Daraus entstand ein umfangreiches Werk, darunter Hunderte von wissenschaftlichen Berichten, hier einige Beispiele :

  • 2012 Santé, maladie et recours aux soins à Bamako (Mali). Les six esclaves du corps, Paris, l’Harmattan.
  • 2012 Paludisme, cultures et communautés. Le cri du hibou, Paris, l’Harmattan.
  • Avec Dolores Koenig et Moussa Sow
  • 1998 Innovation and Individuality in African Development: Changing Production Strategies in Rural Mali, Ann Arbor, University of Michigan Press.
  • Avec Philippe Boquier
  • 1999 Population et société au Mali, Paris, l’Harmattan.

Aus dieser intensiven Tätigkeit ging ein umfangreiches Werk hervor.
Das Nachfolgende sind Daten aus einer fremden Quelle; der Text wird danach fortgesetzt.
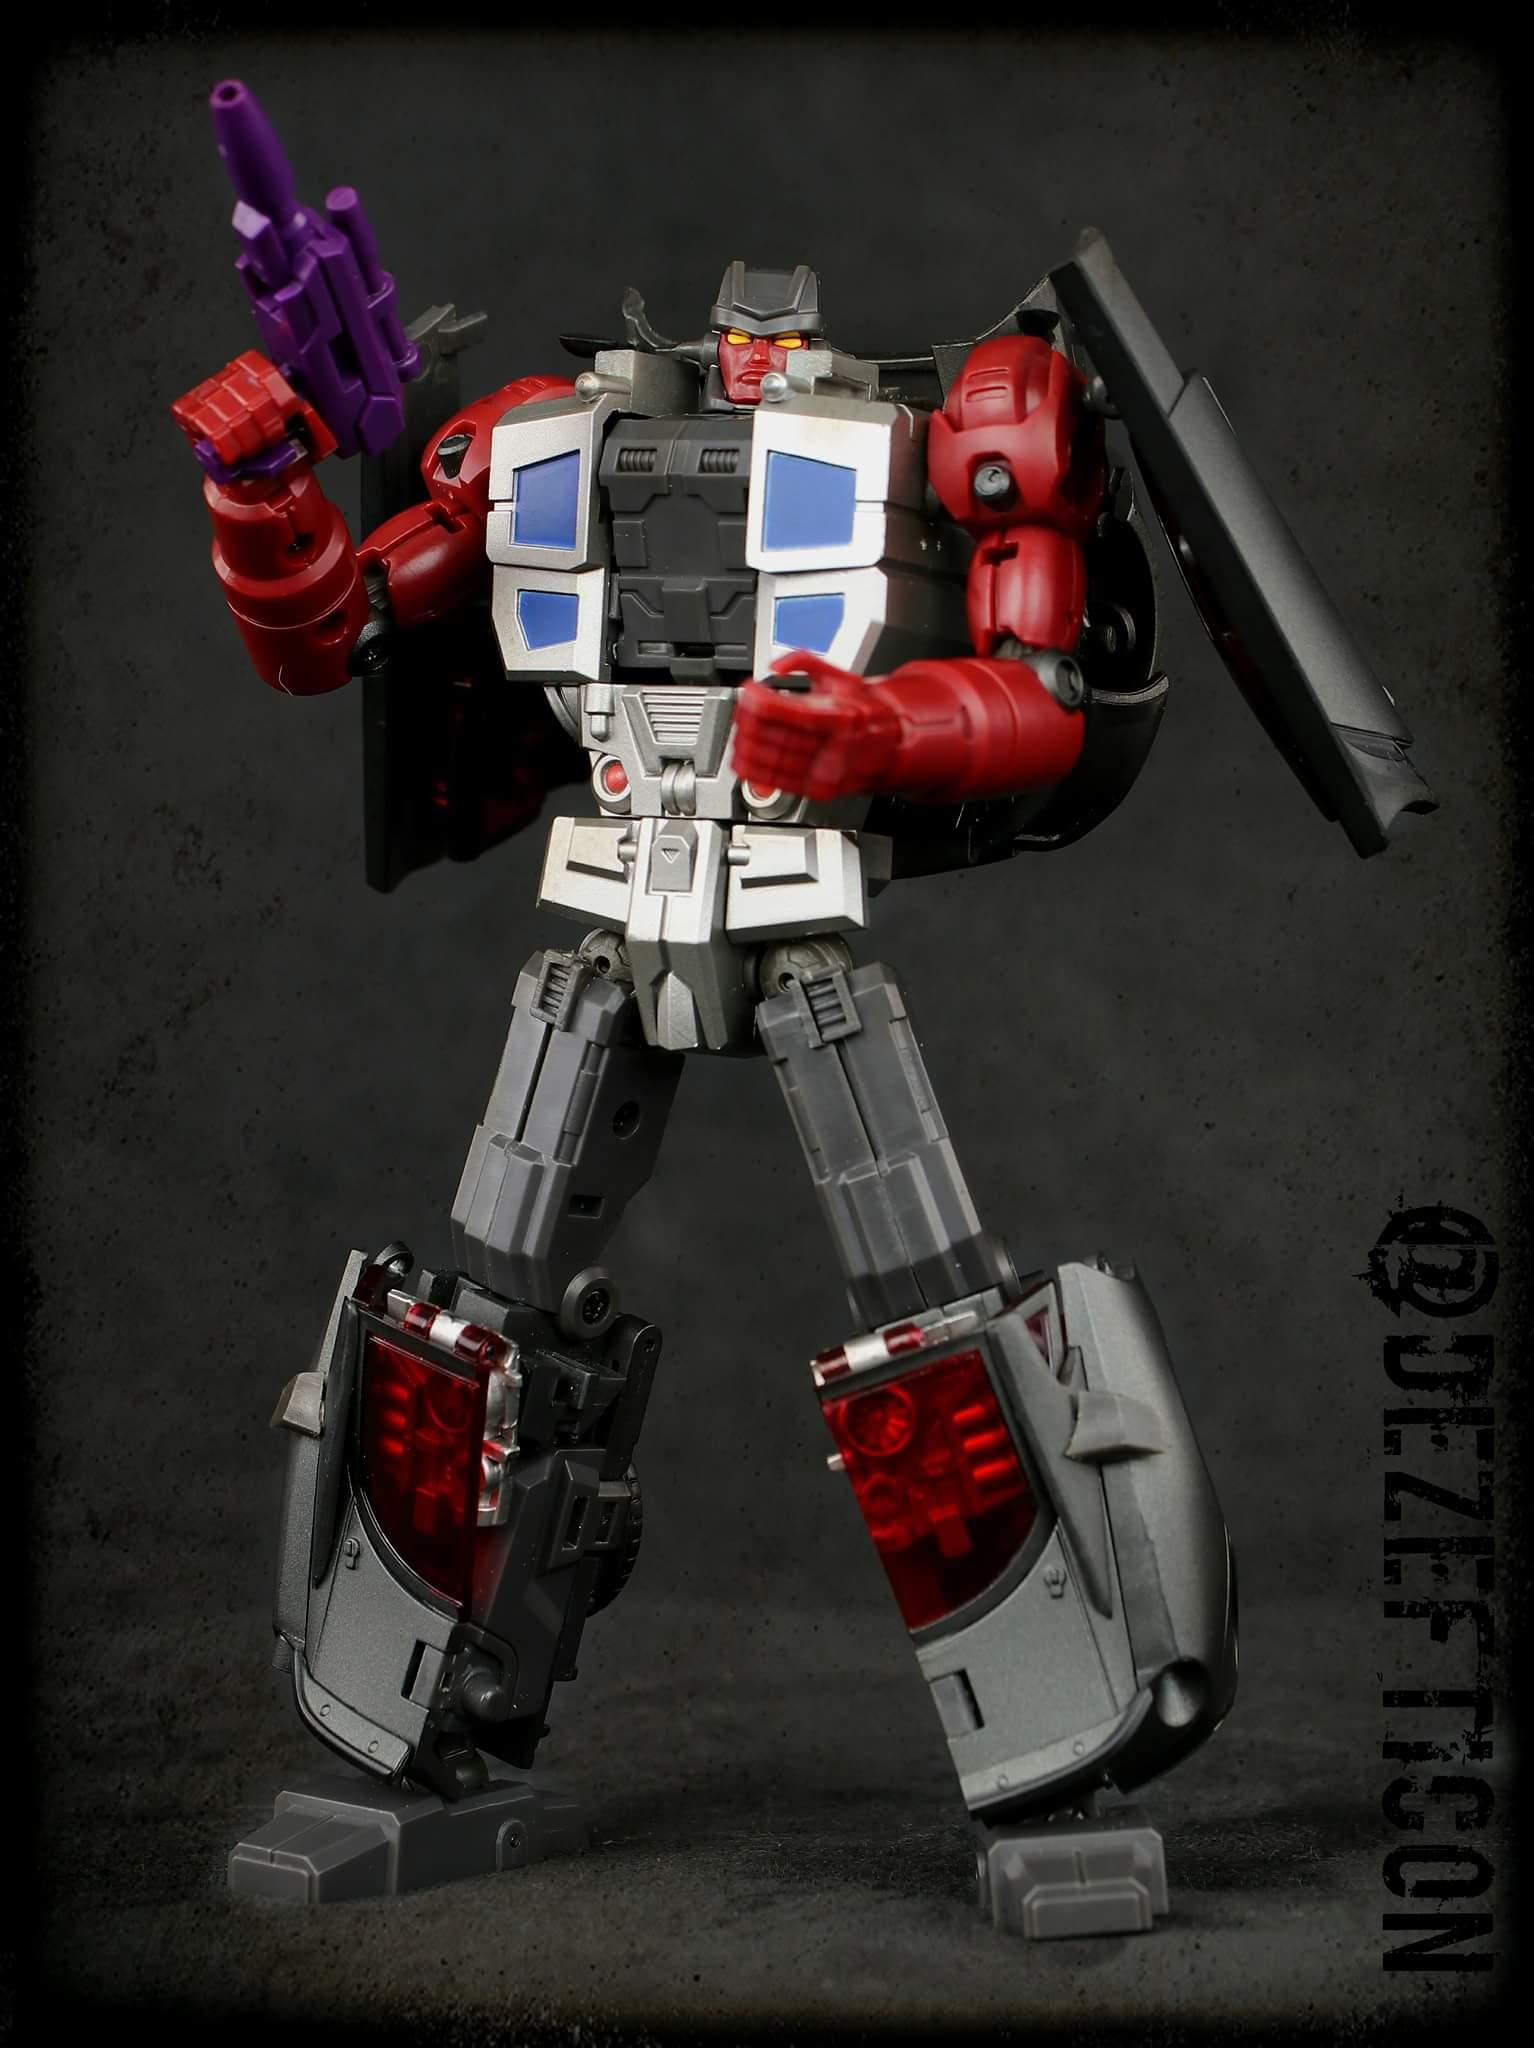 [Transform Mission] Produit Tiers - Jouet M-01 AutoSamurai - aka Menasor/Menaseur des BD IDW - Page 2 UDaIltE7

Das Werk, das er bereits im Juni 2023 in Frankfurt fertiggestellt hatte und nun veröffentlichen wollte, erzählt von den Erzählungen Tausender Bauern über die moderne Medizin. Ein weiteres, ein Jugendbuch, ist im Druck. Neben seinen Büchern glänzte Tiéman auch durch seine Arbeiten in renommierten Zeitschriften. Ein Beweis dafür ist die Palme des Jahres 2022-2023 von Economic Anthropology, (EC), der berühmten US-amerikanischen Fachzeitschrift. Wiley, die Online-Bibliothek, die mehr als 2.100 Zeitschriften, darunter Economic Anthropology, verwaltet, schrieb ihm am 23. April 2023 folgende E-Mail: „Dear Tieman Diarra, We are delighted to share that your work, published in Economic Anthropology on behalf of American Anthropological Association, is one of our top 10 most-cited papers published.“ 

Der Tod des Professors am 5. Februar 2025 löste eine Flut von Ehrungen aus der ganzen Welt aus: die Universität Frankfurt, die Universität Bayreuth, die Deutsche Forschungsgemeinschaft (DfG), die WHO, Point Sud, PAPA und so viele andere Institutionen aus Afrika, Amerika, Asien und Europa.

Tiéman, dein Abgang von der Bühne an diesem 5. Juni 2025 enthüllt so viele Dinge, die dein mächtiger Körperbau verdeckt hat. Wie man auf Bamana, der Sprache, die du mit so viel Feingefühl beherrschtest, sagt, raubt dein Verschwinden den Raum, in den viele auf der Suche nach Bequemlichkeit strömten. Dogoyoro dogoyara … dogoyoro baana.

„Geh in Frieden, Tiéman, wir werden dich nicht vergessen“.